One study evaluating over 13,000 adults aged 18 and over found that those who were physically abused prior to age 18 years were seven times more likely to have ADHD
Esme Fuller-Thomson, Rukshan Mehta, Angela Valeo. Establishing a Link Between Attention Deficit Disorder/Attention Deficit Hyperactivity Disorder and Childhood Physical Abuse. Journal of Aggression, Maltreatment & Trauma, 2014; 23 (2): 188 DOI: 10.1080/10926771.2014.873510
Another study by Dr. Fuller-Thomson found that twice as many women with ADHD reported they had experienced sexual abuse or physical abuse during children compared with adults who did not have ADHD. It is important to note that it was not possible to determine whether cause and effect, since children with behavior problems may be more likely to suffer abuse.
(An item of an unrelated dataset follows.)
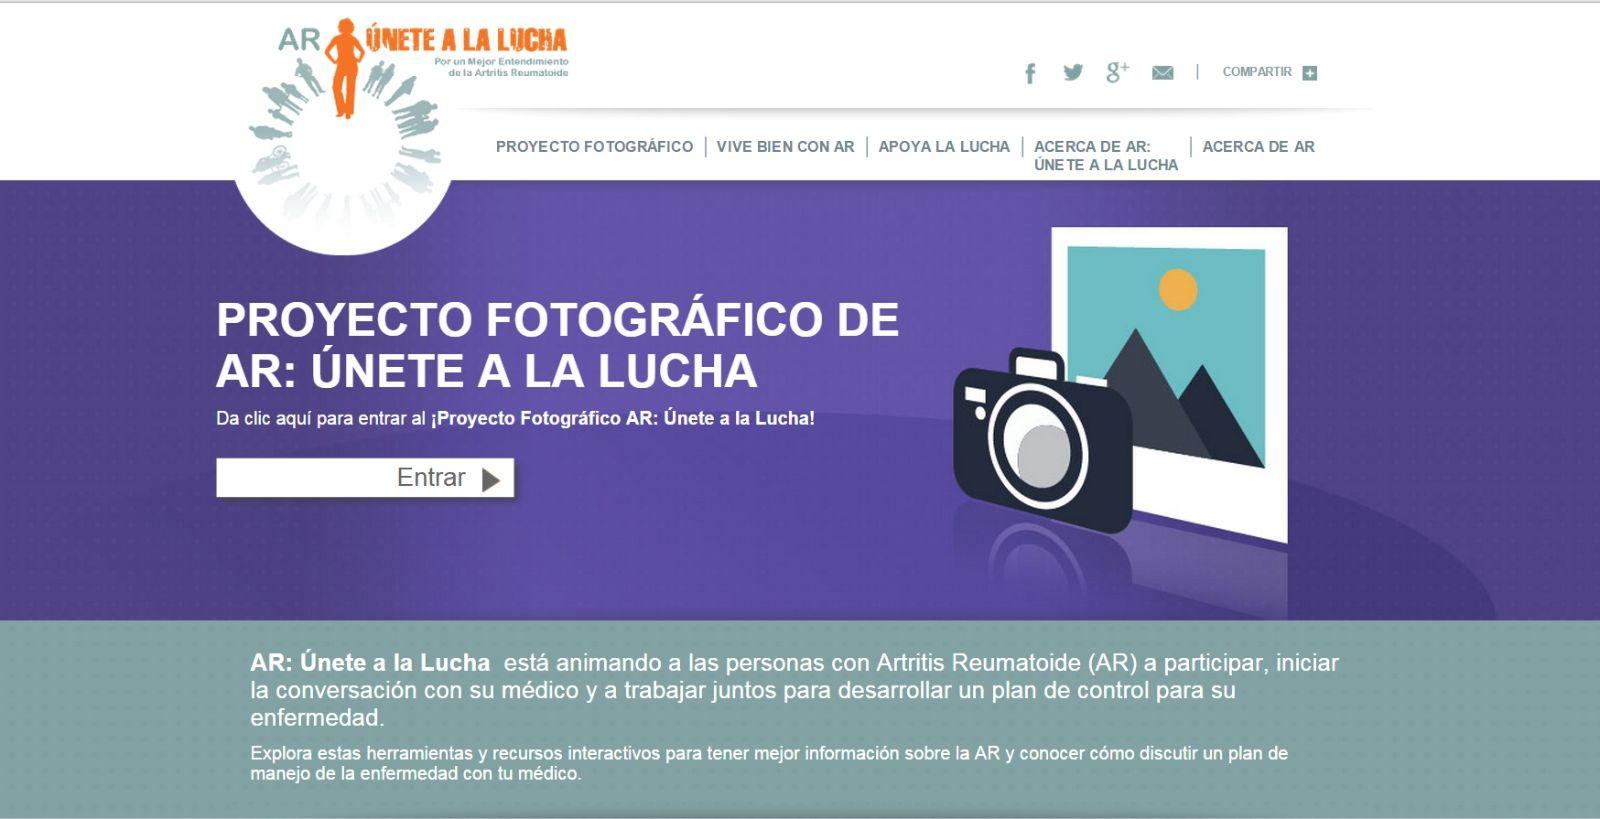 Captura de la pantalla del sitio AR: Únete a la lucha http://www.arunetealalucha.com/

Esme Fuller-Thomson, Danielle A. Lewis. The relationship between early adversities and attention-deficit/hyperactivity disorder. Child Abuse & Neglect, 2015; DOI: 10.1016/j.chiabu.2015.03.005
One early adverse childhood event that is hopefully preventable is divorce. Parents of newborns often are, of necessity, so focused on the care of their new infants that they do not have the time or emotional resources to pay attention to the needs of their spouses. This is natural and healthy for the first few months of an infant's life, but by the time the infant is two to three months old, the parents will hopefully begin making the transition back to having a relationship with each other. One way to reconnect is to schedule a 'date' - time together without the baby. The date does not have to be expensive - you can walk around the block together. You don't even need to miss a baby's feeding. But you send a powerful message to your partner when you plan time to focus solely on each other. If you have not had a date recently - please schedule one now.
Although we cannot protect our children from all harm, this is an encouragement to be aware of your child's friends and their parents. You should think carefully before allowing your child to spend the night at a friend's home. It may be better to have your child's friends come to your home where you can control media and activities.